Interpreting Results
Scenario 1: Clear winner
Control: 5.0% conversion
Variant: 5.6% conversion (+12%)
Confidence: 99%
→ Implement variant
Scenario 2: No significant difference
Control: 5.0% conversion
Variant: 5.1% conversion (+2%)
Confidence: 78%
→ Inconclusive
→ Run longer or try different variant
Scenario 3: Loser
Control: 5.0% conversion
Variant: 4.5% conversion (-10%)
Confidence: 95%
→ Stick with control
→ Analyze why it failed
Common Pitfalls
1. Peeking at Results
❌ Checking daily, stopping when "significant"
❌ Multiple testing problem
❌ False positives
✅ Set sample size beforehand
✅ Run for predetermined duration
✅ Look once at the end
2. Multiple Testing Problem
❌ Running 20 tests simultaneously
→ 1 will be significant by chance (5%)
✅ Prioritize tests
✅ Use Bonferroni correction
✅ Focus on primary metric
3. Sample Pollution
❌ Same user sees both variants
❌ Users switch devices
❌ Clearing cookies changes variant
✅ Consistent user assignment
✅ Logged-in user tracking
✅ Cross-device consistency
4. Testing Too Long
❌ Running for months
→ Seasonality effects
→ External factors change
→ Sample pollution accumulates
✅ 1-4 week typical duration
✅ Account for business cycles
✅ Stop at significance
Tools and Platforms
A/B Testing Tools
Full-Stack Platforms:
- Optimizely
- VWO (Visual Website Optimizer)
- Google Optimize (sunsetted, alternatives: Convert, AB Tasty)
- Adobe Target
Developer-Focused:
- GrowthBook
- Statsig
- LaunchDarkly
- Unleash
Mobile:
- Firebase Remote Config
- Split.io
- Apptimize
Analytics Integration
Essential integrations:
• Google Analytics / Amplitude / Mixpanel
• Heatmaps (Hotjar, FullStory)
• Session recordings
• Error tracking
• Revenue tracking
Advanced Techniques
Sequential Testing
Check results multiple times with adjustments:
• Group Sequential Design
• Always Valid P-values
• Bayesian updating
Benefit: Can stop early if effect is large
Risk: Requires statistical expertise
Multi-Armed Bandit
Adaptive testing:
• Start with 50/50 split
• Gradually shift traffic to winning variant
• Balance exploration vs exploitation
Best for: Continuous optimization
Not for: One-time decisions
Bayesian A/B Testing
Different statistical approach:
• Provides probability distribution
• Easier to interpret
• Allows for priors
Result: "95% probability B is better than A"
vs
"95% confidence B is different from A"
Documenting Tests
Test Record Template
Test ID: EXP-2024-001
Date: Jan 15 - Feb 1, 2024
Owner: Jane Smith
Hypothesis:
[Clear statement]
Variants:
• Control: [Description + screenshot]
• Variant: [Description + screenshot]
Results:
• Primary metric: +X% (p=0.0X)
• Secondary metrics: [Impact summary]
• Segments: [Any differences]
Decision: [Implement/Iterate/Discard]
Learnings: [Key insights]
Next Steps: [Follow-up tests]
Building Test Library
Maintain repository of:
• All past tests
• Results and learnings
• Successful patterns
• Failed hypotheses
Use for:
• Avoiding repeated mistakes
• Informing new hypotheses
• Onboarding new team members
• Building organizational knowledge
A/B testing transforms design decisions from opinions into evidence.

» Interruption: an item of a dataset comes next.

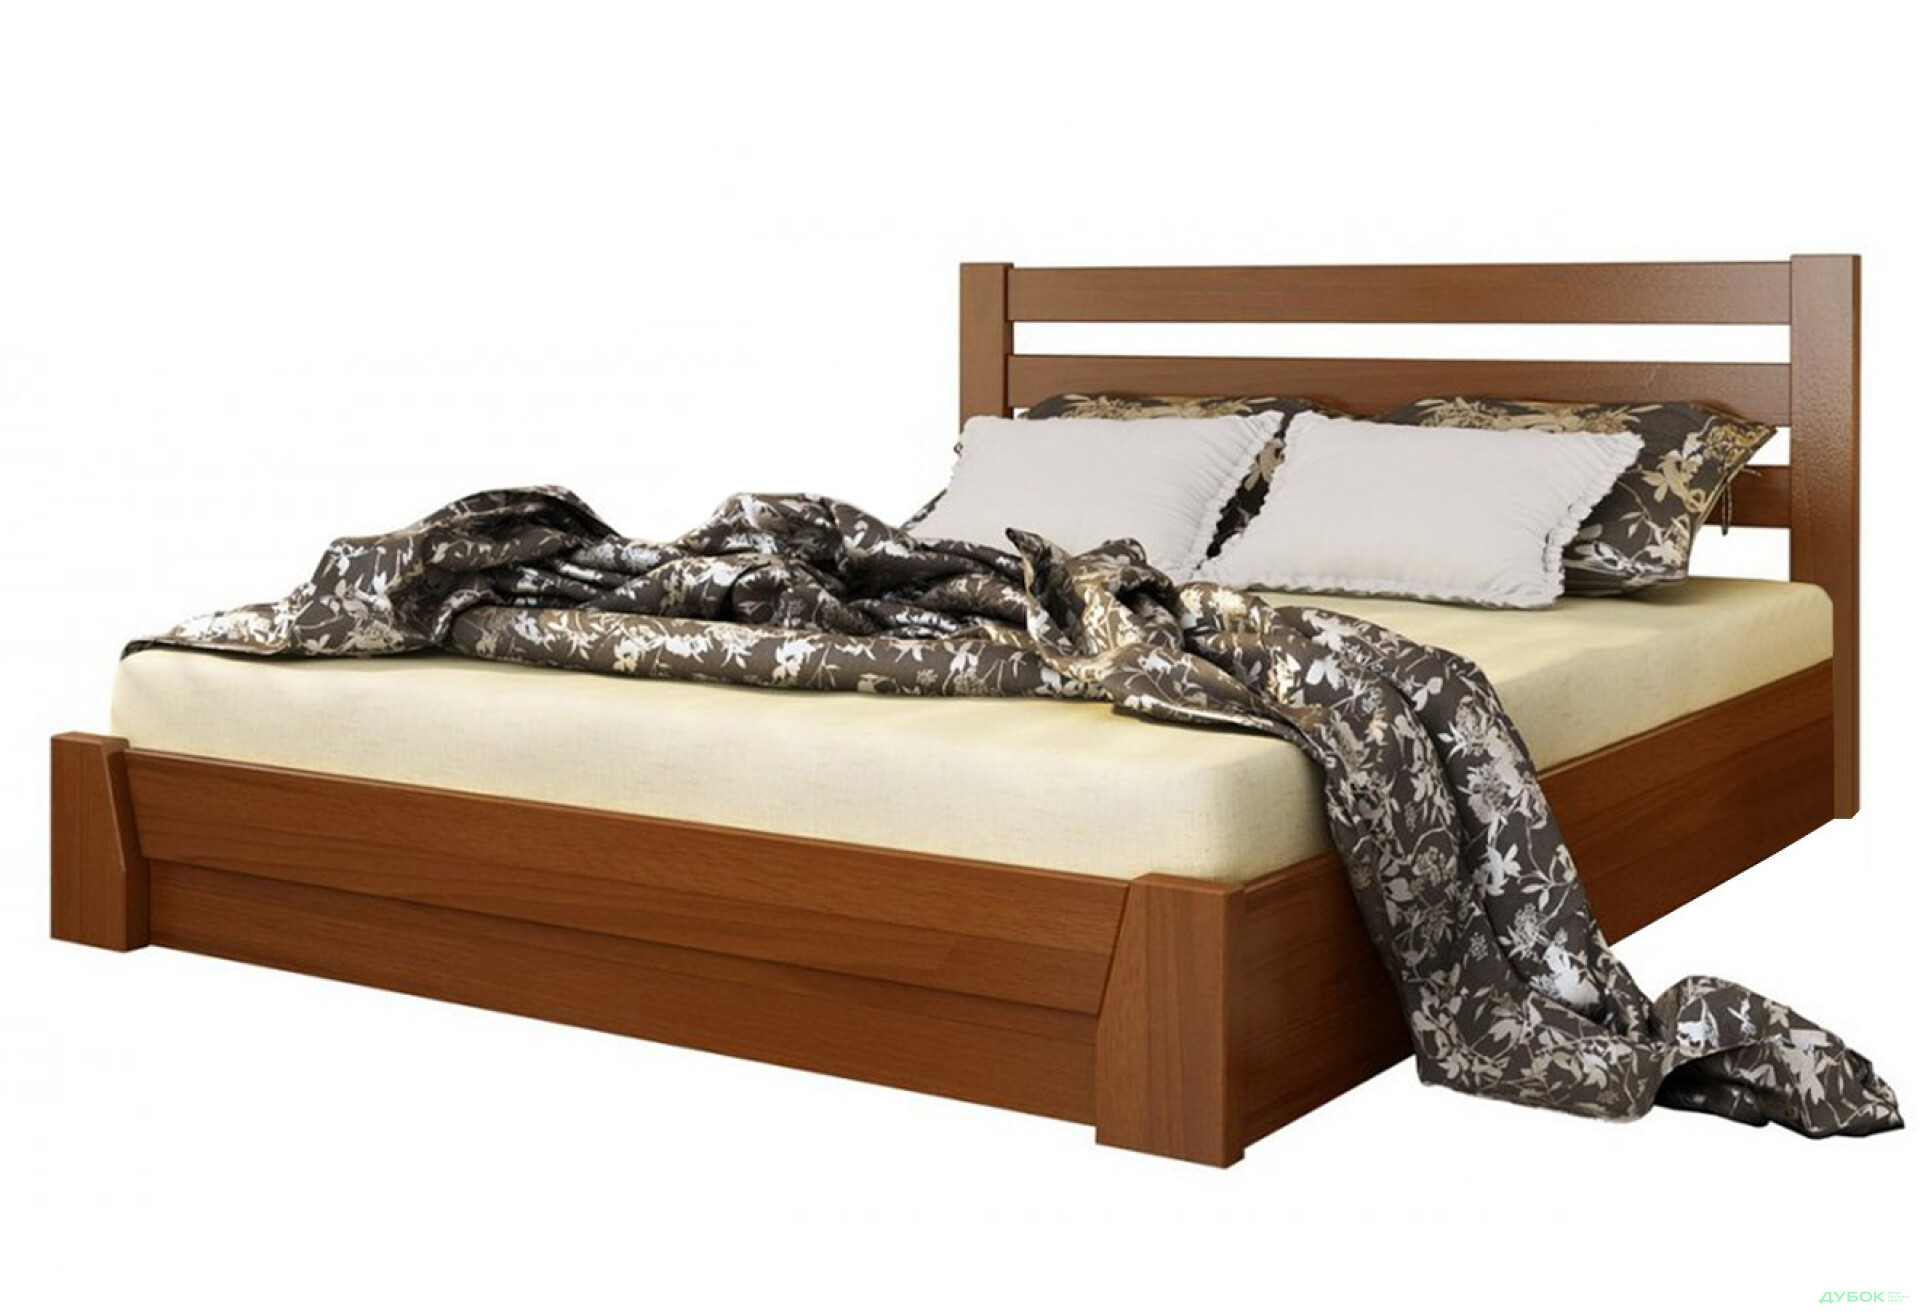 Фото 1 - Серия Тесса кровать Селена 140х200 подъемная (массив) Эстелла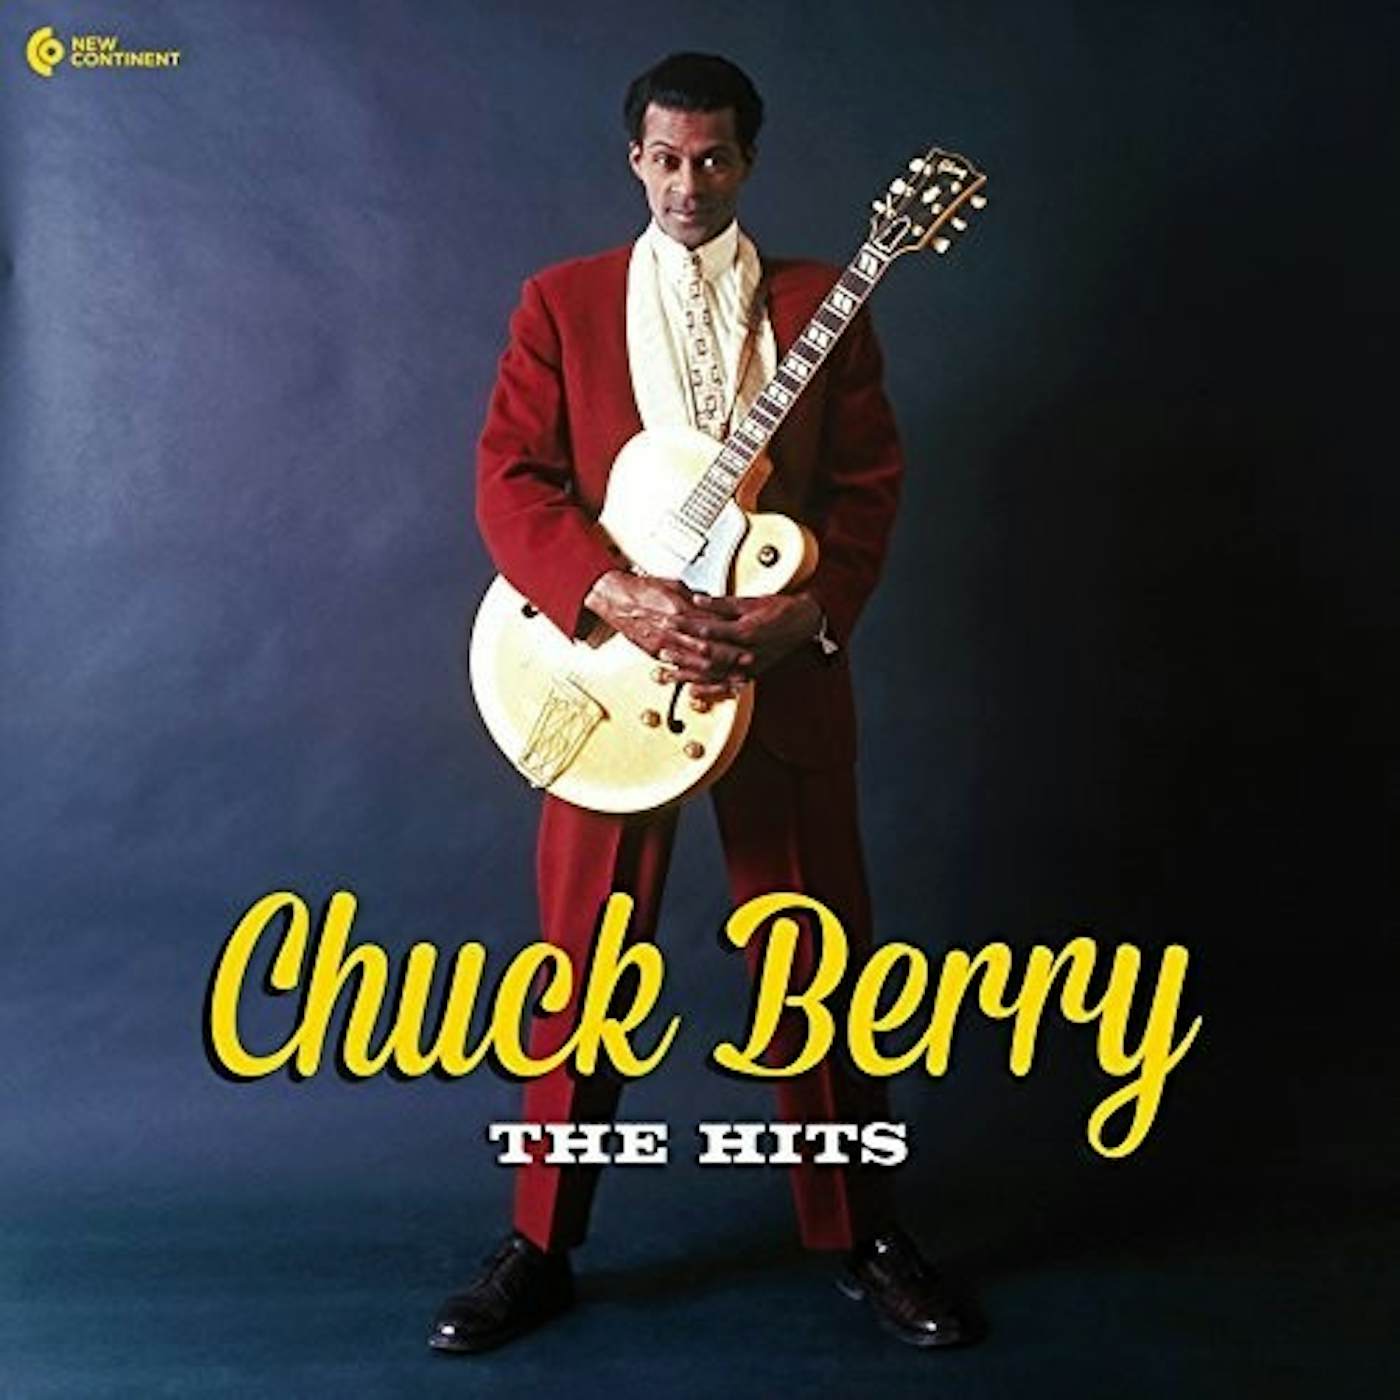 Chuck Berry HITS Vinyl Record

The key to successful testing is having a clear hypothesis, testing one change at a time, ensuring adequate sample size, and resisting the urge to peek at results early. Remember that not winning is also valuable—failed tests teach you what doesn't work. Build a culture of experimentation where every design decision is an opportunity to learn, and maintain a test library to accumulate organizational knowledge over time.